Digital single lens reflex technology is a mature technology that offers hope for mainly small incremental improvements. The current generation of DSLRs are not perfect, but they are very good and it has become difficult for companies to offer significant improvements.

Mirrorless technology offers new areas of advancement that could not be easily achieved with DSLRs. For Canon, they were able to offer new lens designs and new options for autofocus (for example) that could be more easily achieved with mirrorless technology. There is some size and weight savings as well, but not huge. Probably most important from Canon's perspective is that they can offer new options for photographers in a market that has been shrinking (thus preserving their profitability).

Probably the most common improvements for most photographers are that mirrorless bodies and lenses can achieve accurate autofocus at smaller apertures than f8, the autofocus systems can select the eye/face of the subject including birds and animals as well as people, the number of frames per second is greater because there is no need to have a mirror flipping up and down, and autofocus can be more accurate because it is directly linked to the sensor rather than going through a mirror assembly (so no need to fine tune your autofocus to specific lenses if you ever did that).

If you are happy with your DSLR's performance and with your current lens selection, then there is really no need to switch to the R system. It will be many years (if ever) before it becomes impossible to buy or service DSLRs and EF lenses. Canon has not definitively stated they are going to drop all DSLRs or all EF lenses, but it is assumed by many people that a gradual phaseout is occurring.

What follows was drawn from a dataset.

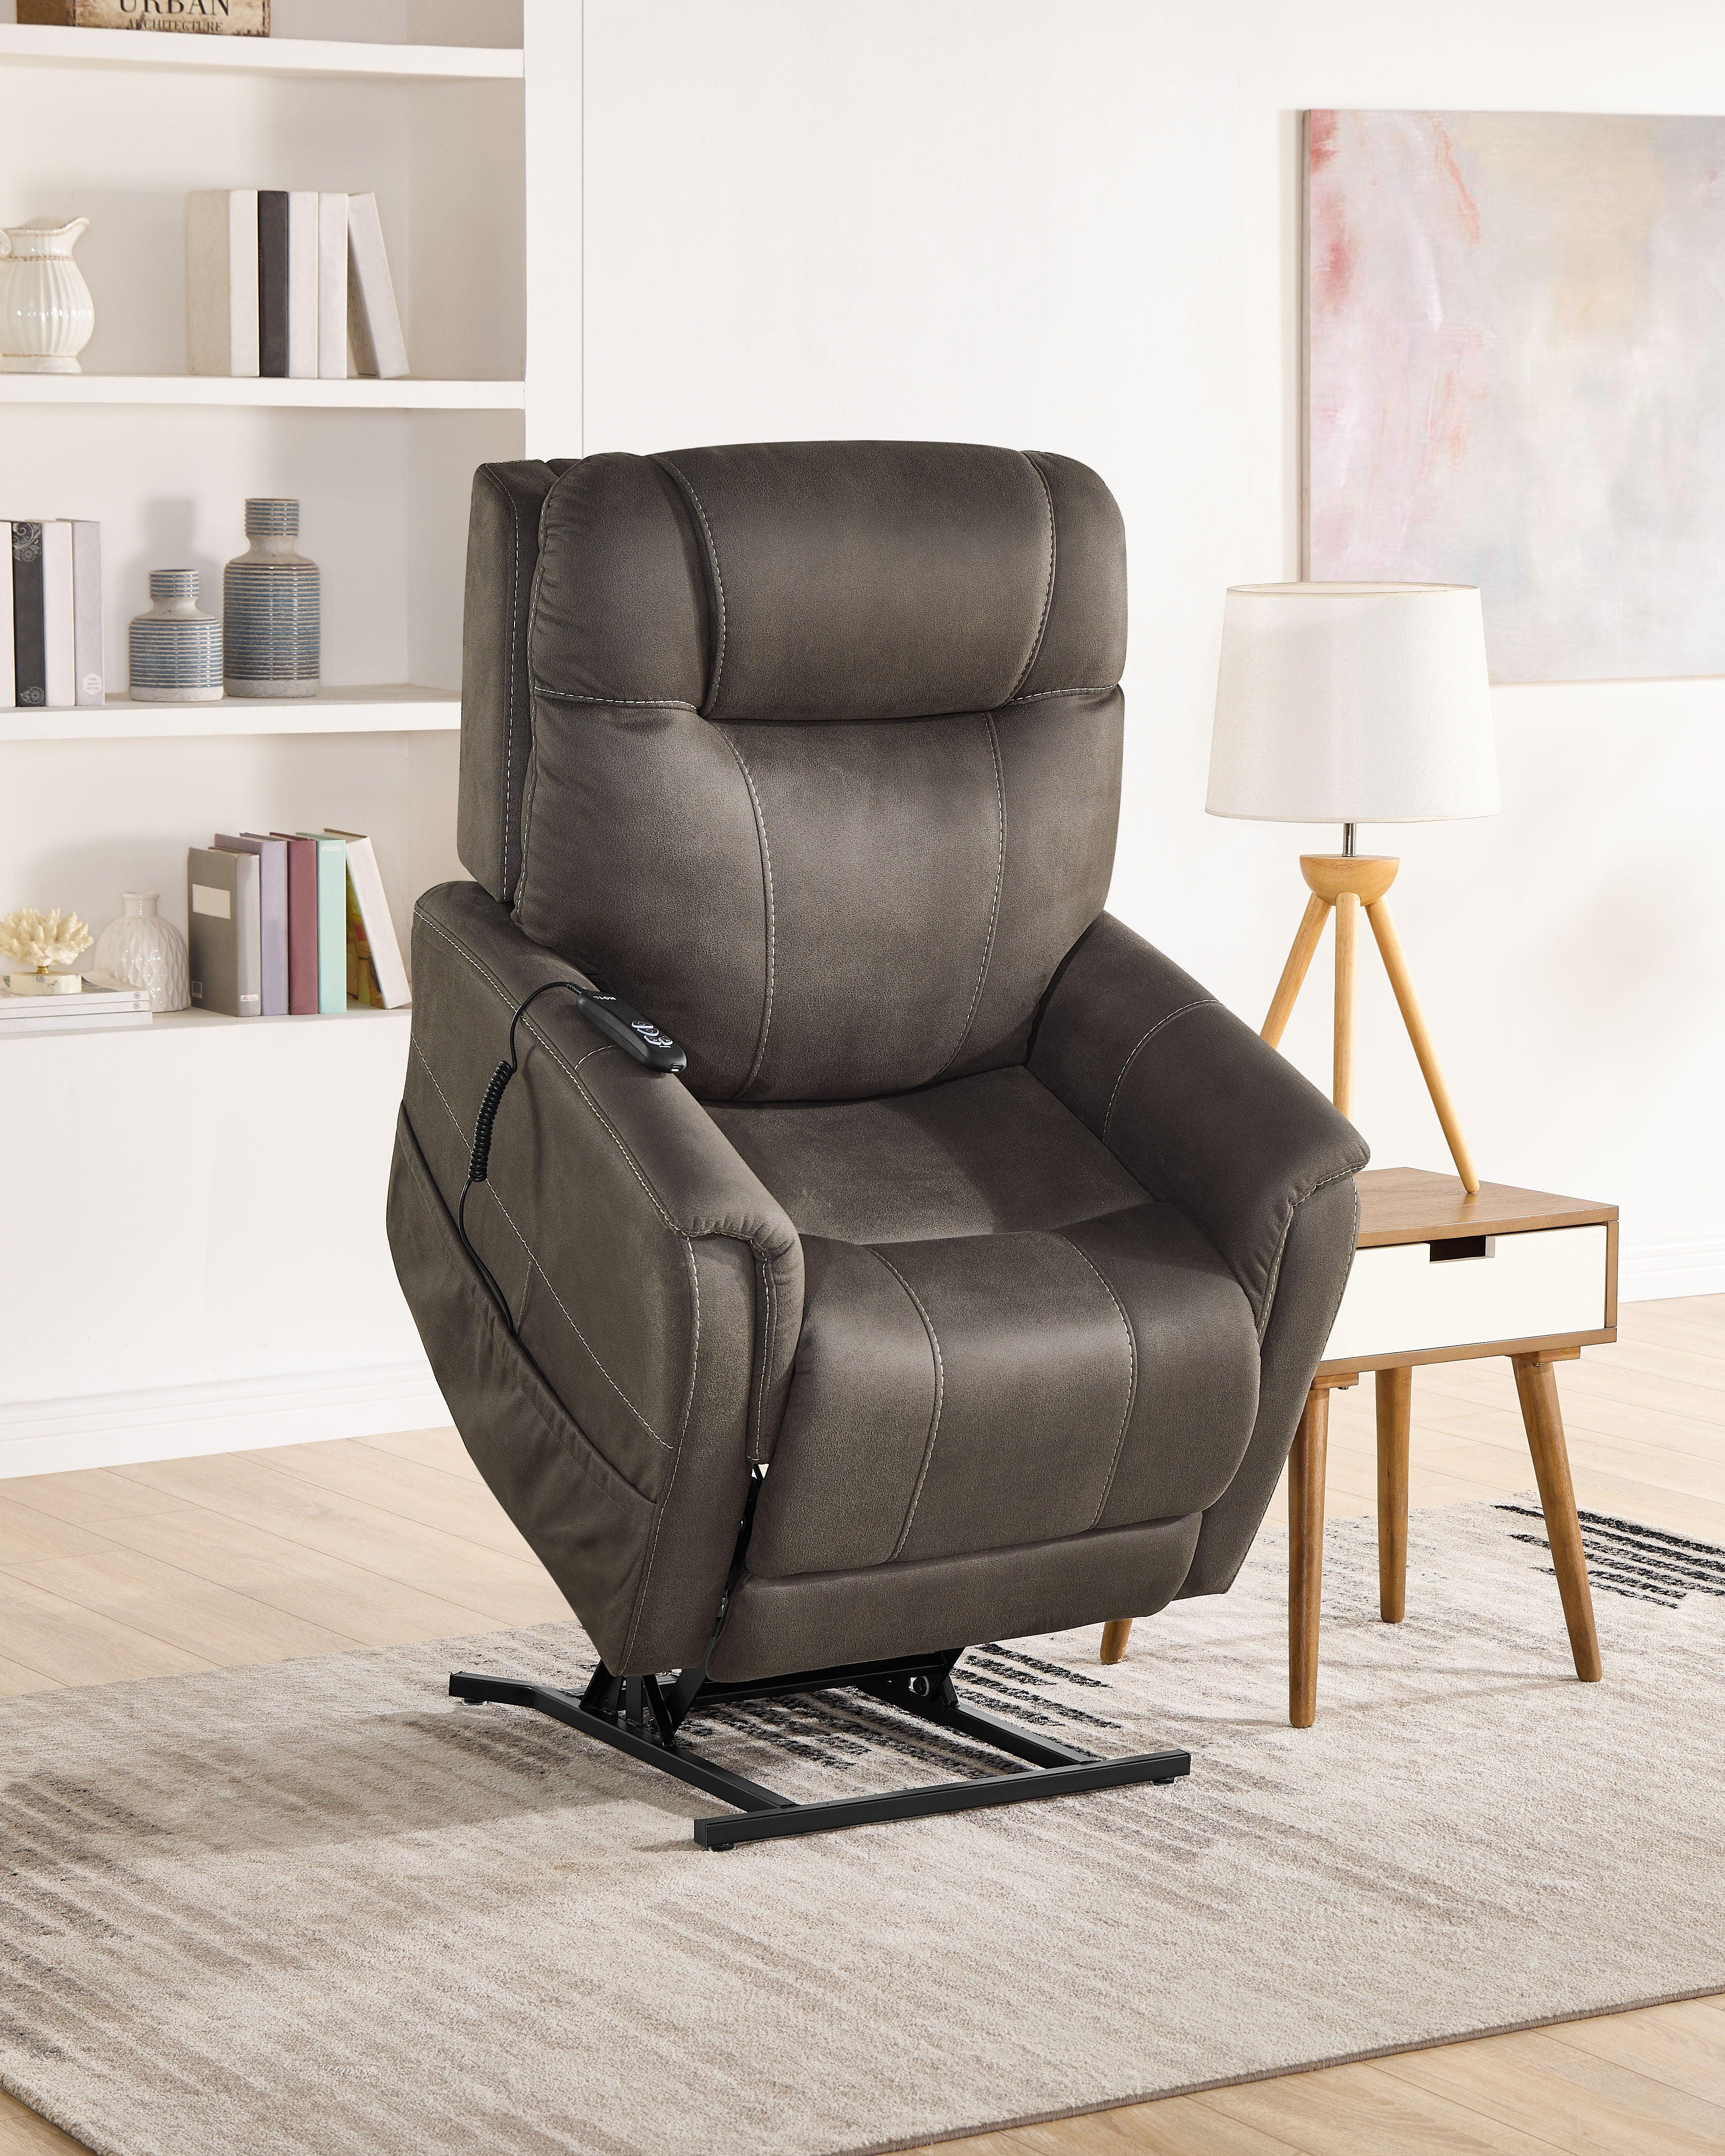 Steve Silver Furniture - Thames - Power Lift Chair With Power Headrest - Brown - 5th Avenue Furniture

When your current DSLR breaks or when you feel it is time to replace it, you can replace it with a Canon R system camera and by purchasing lens adapters, you can continue to use all your EF lenses as long as you want or you can gradually replace them with new model RF lenses (your choice).


----------



## Mt Spokane Photography (Mar 14, 2022)

As Canon says in their annual reports, RF lenses are high profit. Canon has the market pretty much to themselves. As far as I know, no one has reverse engineered the RF protocol, the Compatible lenses have a RF mount but rely on EF compatible electronics, or at least, none of the NEW RF capabilities appear. That is one reason behind the push for RF. 

Having the market to themselves is huge for Canon and they make no secret of it. RF lenses do have some advantages but not enough to upgrade from a EF lens. I have several EF L lenses and have bought a couple of smaller easy to carry consumer grade RF lenses. I like my RF 35 lens, but my RF 24-240mm is not very impressive. The main benefit is the ability to carry a do it all lens which is a reasonable weight and good enough quality for casual photos. There really isn't a comparable EF lens available.

So, keep your EF lenses, and buy RF lenses to replace broken ones or to add new capabilities. The EF lenses work better on a mirrorless, they don't need AFMA to get very accurate focus at all distances. Lens characteristics like focus shift still apply, you need to be aware of that. You can definitely get sharper focus my manually focusing them, but it's usually a pretty small increment.


----------



## Czardoom (Mar 14, 2022)

If you have all the EF lenses you want or need, then you can pretty much ignore everything else for the time being. Mirrorless cameraas - especially the higher end models, seem to be selling so well that there may not be any more higher end DSLRs coming out in the future. So it is possible that whenever you want or need a new Canon camera, it will be an R system mirrorless. But all your EF lenses will work just fine with a mount adapter.


----------



## luckydude (Mar 14, 2022)

Thanks for all the info, sorry for living under a rock (aka on a boat) while all this happened.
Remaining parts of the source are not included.